A remarkable thing happened last Sunday. I was sitting and listening to the reader speak the words of the prophet Isaiah. She was reading chapter 11, and when she got to verse 9, a strange and wondrous thing happened. As her treble voice read the words “They will not hurt or destroy on all my holy mountain; for the earth will be full of the knowledge of the Lord as the waters cover the sea,” I heard a second, deeper voice speaking, as if two voices were in perfect unison. One part of my brain said, “Huh, the sound system is acting up,” just as another part of my brain firmly said, “This is God’s voice. Listen up.” Was it a bug in the sound system or was it really the voice of God?

As my internal debate started to fire up, I heard myself repeat what a friend pointed out to me a few weeks ago when I was unsure what I thought about something: “A thing can be two things.” God can speak through a funky microphone moment. I don’t really know how that doubled voice happened, and I’m okay with it. I’m trusting the voice that said, “It’s God. Listen up.”

Of course, once I settled on that truth, I was left with a new conundrum: what should I do? No, no, not the lofty question, not what should I do about this message. I as asking a far more mundane question: should I tell anyone? Would they think I was nuts? What if I was wrong about this whole encounter? What if they didn’t think I was nuts and, worse yet, started to expect me to hear God’s voice like that all the time?

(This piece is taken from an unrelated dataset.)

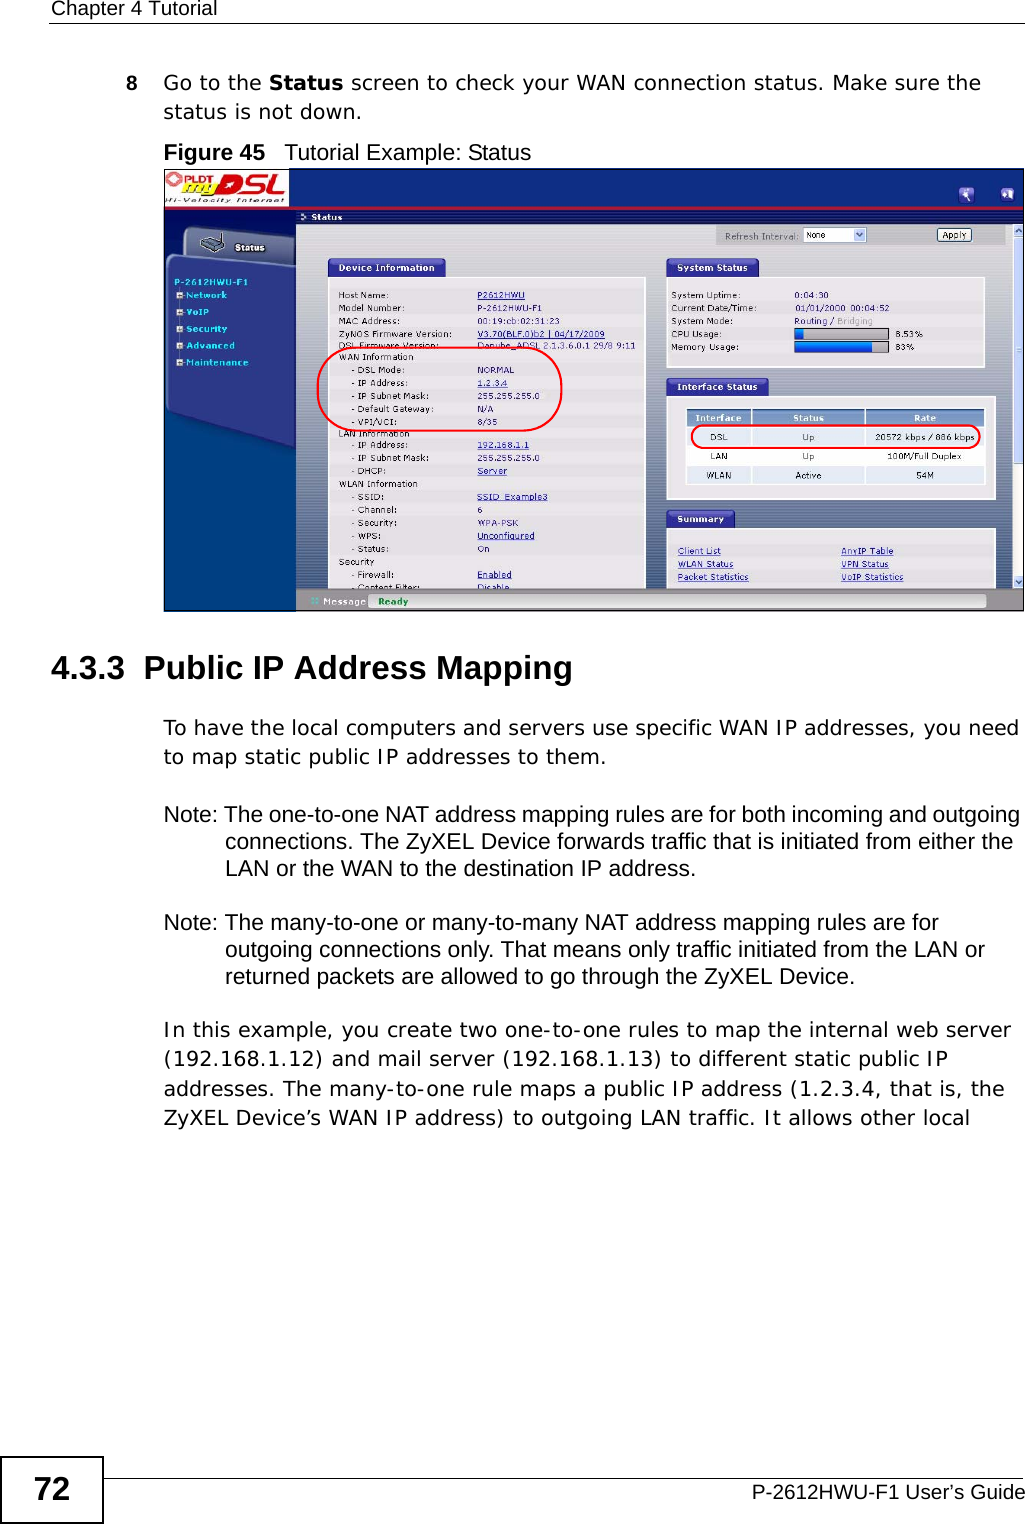 Chapter 4 TutorialP-2612HWU-F1 User’s Guide728Go to the Status screen to check your WAN connection status. Make sure the status is not down.Figure 45   Tutorial Example: Status4.3.3  Public IP Address MappingTo have the local computers and servers use specific WAN IP addresses, you need to map static public IP addresses to them.Note: The one-to-one NAT address mapping rules are for both incoming and outgoing connections. The ZyXEL Device forwards traffic that is initiated from either the LAN or the WAN to the destination IP address.Note: The many-to-one or many-to-many NAT address mapping rules are for outgoing connections only. That means only traffic initiated from the LAN or returned packets are allowed to go through the ZyXEL Device.In this example, you create two one-to-one rules to map the internal web server (192.168.1.12) and mail server (192.168.1.13) to different static public IP addresses. The many-to-one rule maps a public IP address (1.2.3.4, that is, the ZyXEL Device’s WAN IP address) to outgoing LAN traffic. It allows other local

I began to feel a great deal of sympathy for Joseph, actually. Twice in the gospel of Matthew, Joseph receives a message from God in a dream, and you know what he says about it? Nothing. Joseph says absolutely nothing to anyone about these divine messages. In fact, Joseph never speaks at all in the entire Bible. I mean, we’ve gotta assume he told somebody sometime so they’d know to put those stories into Matthew, but it seems like he wasn’t eager to say anything right away. He listened to the messages, and did what God commanded, but he wasn’t telling anybody why.

I wonder how long it took Joseph to work up the courage to tell someone about his dreams. Did he tell Mary first? Or did he whisper to a toddler Jesus the story of the angel messengers? Did he question whether the dreams were really from God or if it was just yesterday’s burrito talking back to him? Was Joseph excited when the angels appeared in his dreams, or was he terrified? Maybe it was a little bit of both. He was human, after all.

The people in the Bible are people just like us. They ask questions like ours. They get scared. They get angry. They act impulsively. Sometimes, they just need a nap and a snack. They also love God. They care for one another. They do their very best to listen to God, just like we try to do. Some of them needed time to figure things out before they told anyone about their encounter with God. Others went straight into the streets to tell anyone who would listen. Both responses are faithful ones.

God, help me listen for your voice. When I hear it, help me follow you. Keep me faithful, like Joseph and Mary, like the shepherds and magi, like all your dear children. Amen.